#### DATA EXCERPT:
>>>
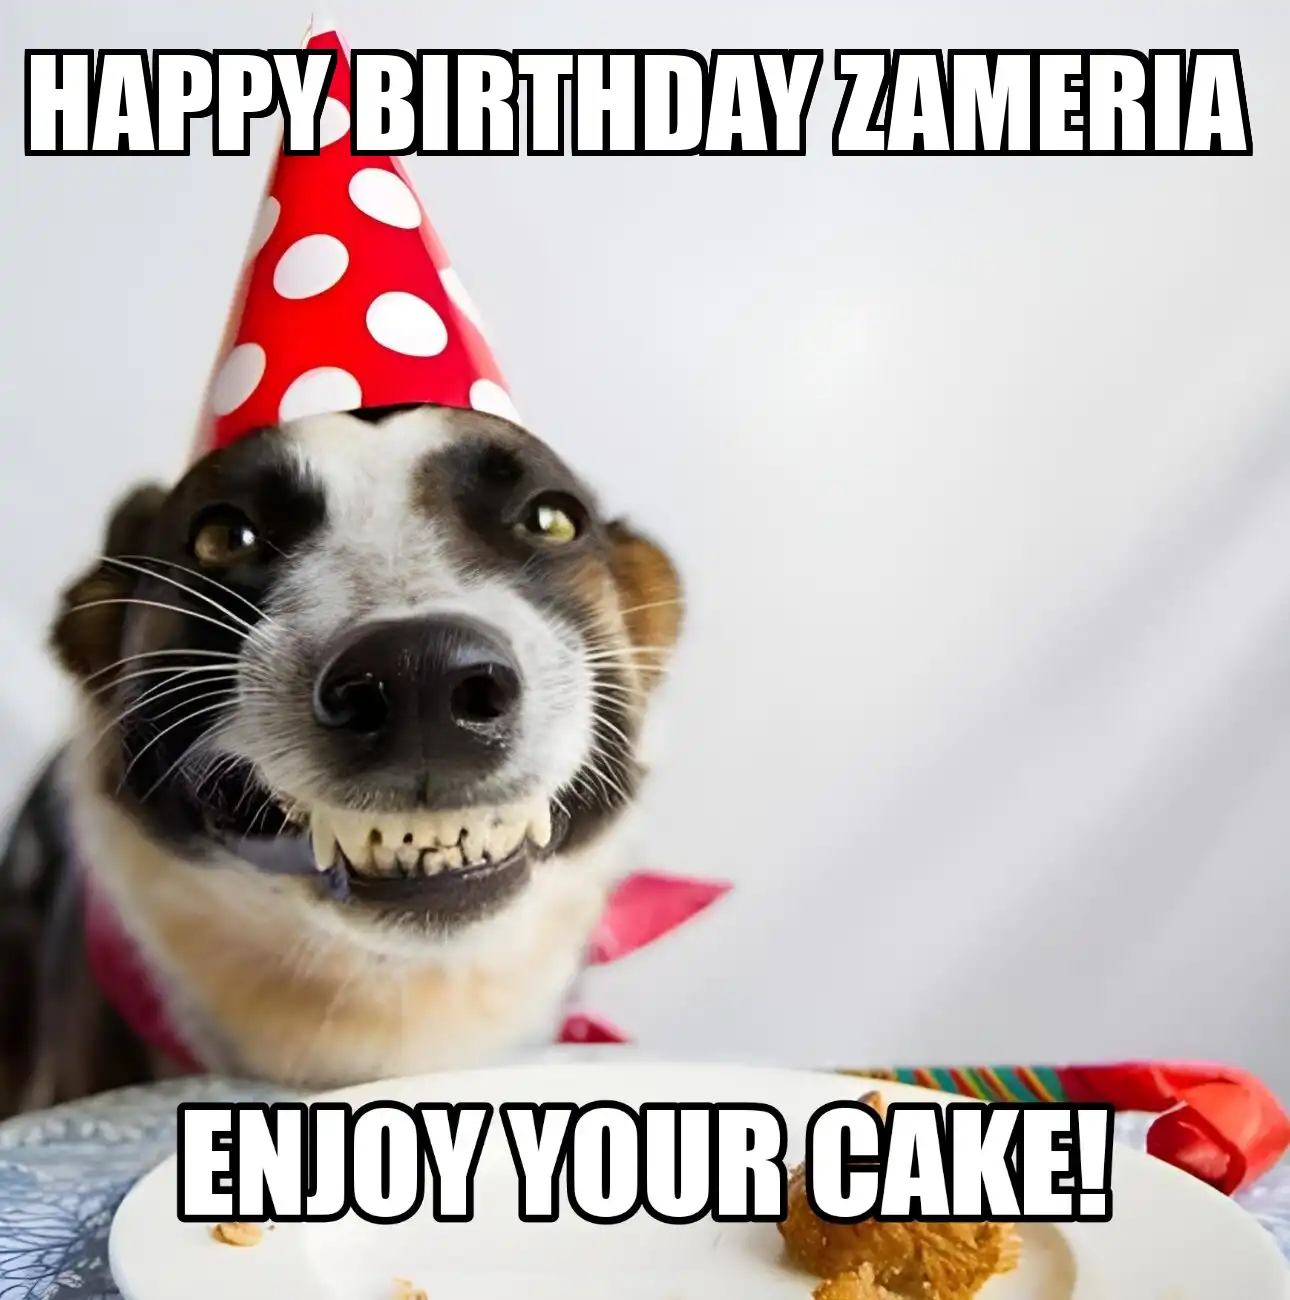 Happy Birthday Zameria Enjoy Your Cake Dog Meme
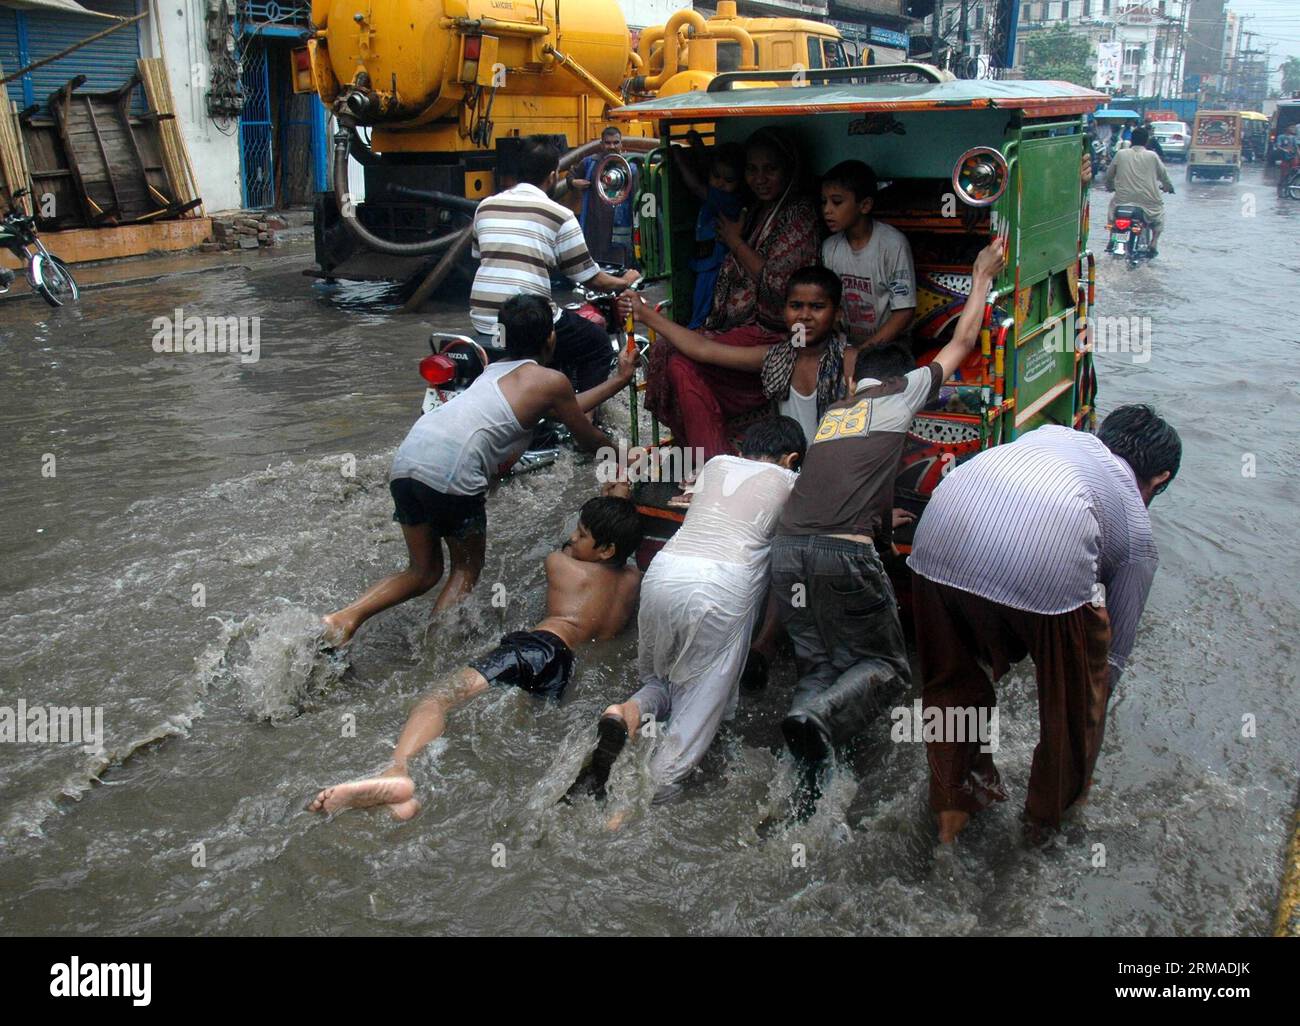 (140703) -- LAHORE, 3 juillet 2014 (Xinhua) -- des enfants poussent un pousse-pousse automatique sur une route inondée sous de fortes pluies à Lahore, dans l'est du Pakistan, le 3 juillet, 2014.(Xinhua/Sajjad) PAKISTAN-LAHORE-PLUIE LOURDE PUBLICATIONxNOTxINxCHN Lahore juillet 3 2014 des enfants de XINHUA poussent vers un pousse-pousse de voiture SUR une route inondée pendant de fortes pluies dans l'est du Pakistan S Lahore juillet 3 2014 XINHUA Sajjjad Pakistan Lahore pluie lourde PUBLICATIONxNOTxINxCHN Banque D'Images
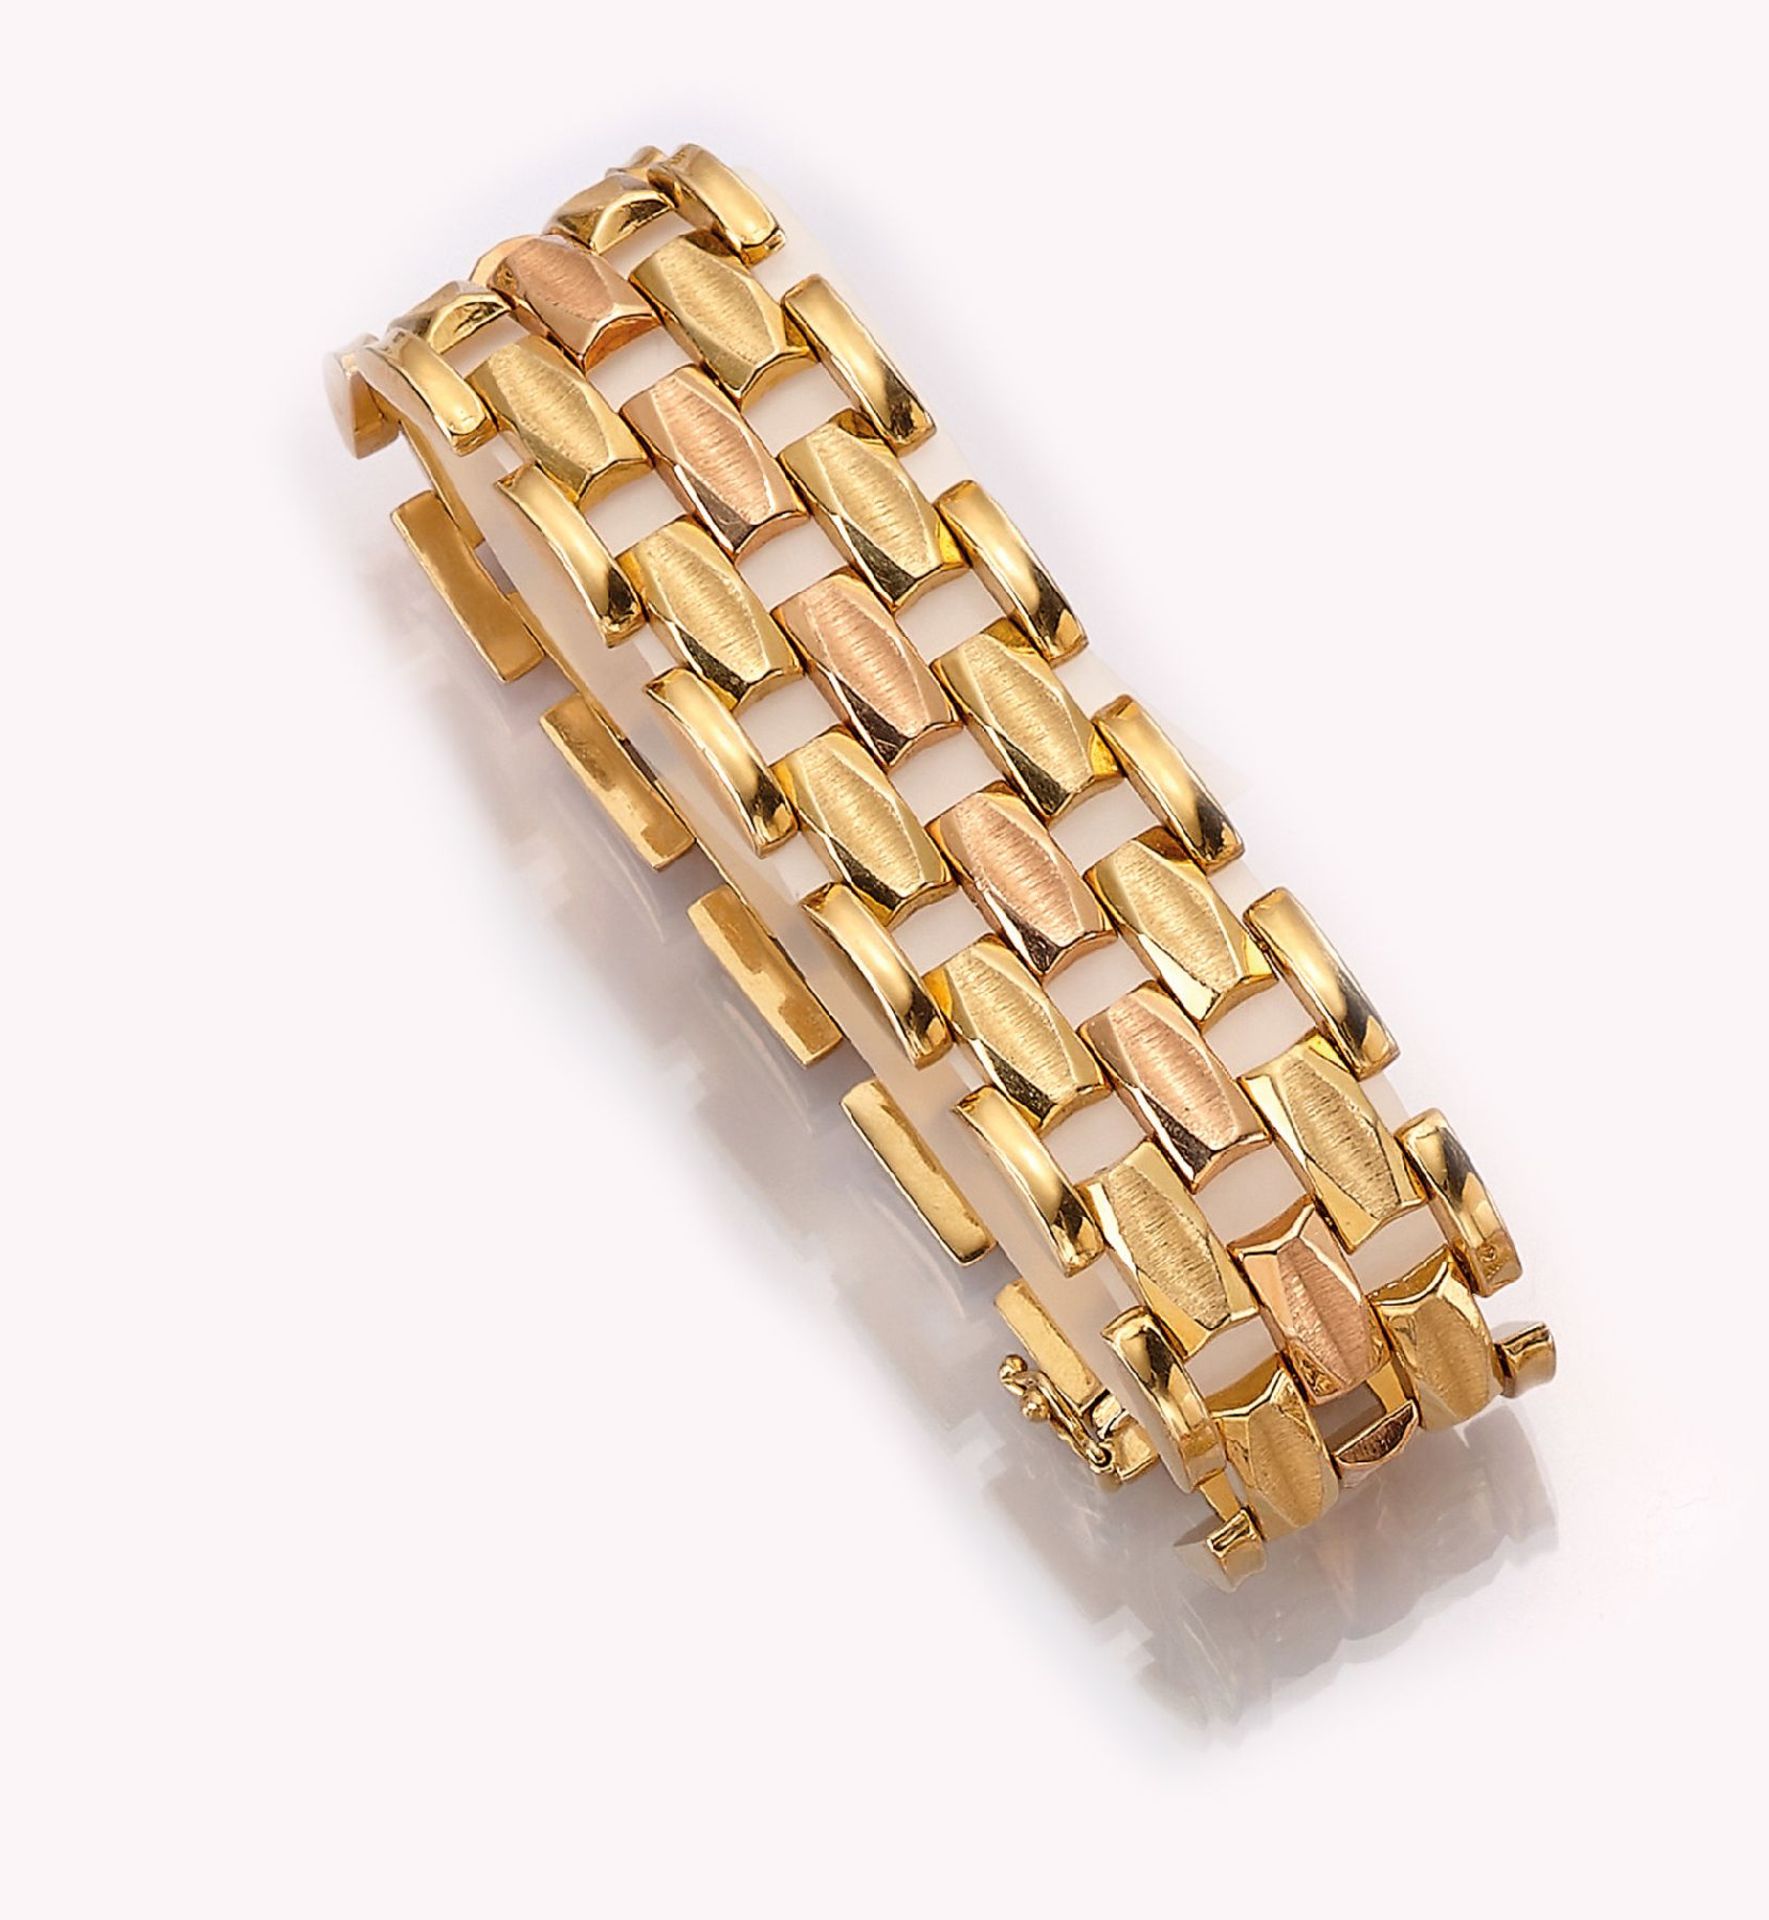 18 kt Gold Armband,   ca. 45 g, GG/RG 750/000, 1 Reihe in
<<<
#### WHAT YOU WILL DO:
Leaving aside the pictures, copy the listing above exactly.

#### FINISHED TASK:
 Happy Birthday Zameria Enjoy Your Cake Dog Meme
 (140703) -- LAHORE, 3 juillet 2014 (Xinhua) -- des enfants poussent un pousse-pousse automatique sur une route inondée sous de fortes pluies à Lahore, dans l'est du Pakistan, le 3 juillet, 2014.(Xinhua/Sajjad) PAKISTAN-LAHORE-PLUIE LOURDE PUBLICATIONxNOTxINxCHN Lahore juillet 3 2014 des enfants de XINHUA poussent vers un pousse-pousse de voiture SUR une route inondée pendant de fortes pluies dans l'est du Pakistan S Lahore juillet 3 2014 XINHUA Sajjjad Pakistan Lahore pluie lourde PUBLICATIONxNOTxINxCHN Banque D'Images
 18 kt Gold Armband,   ca. 45 g, GG/RG 750/000, 1 Reihe in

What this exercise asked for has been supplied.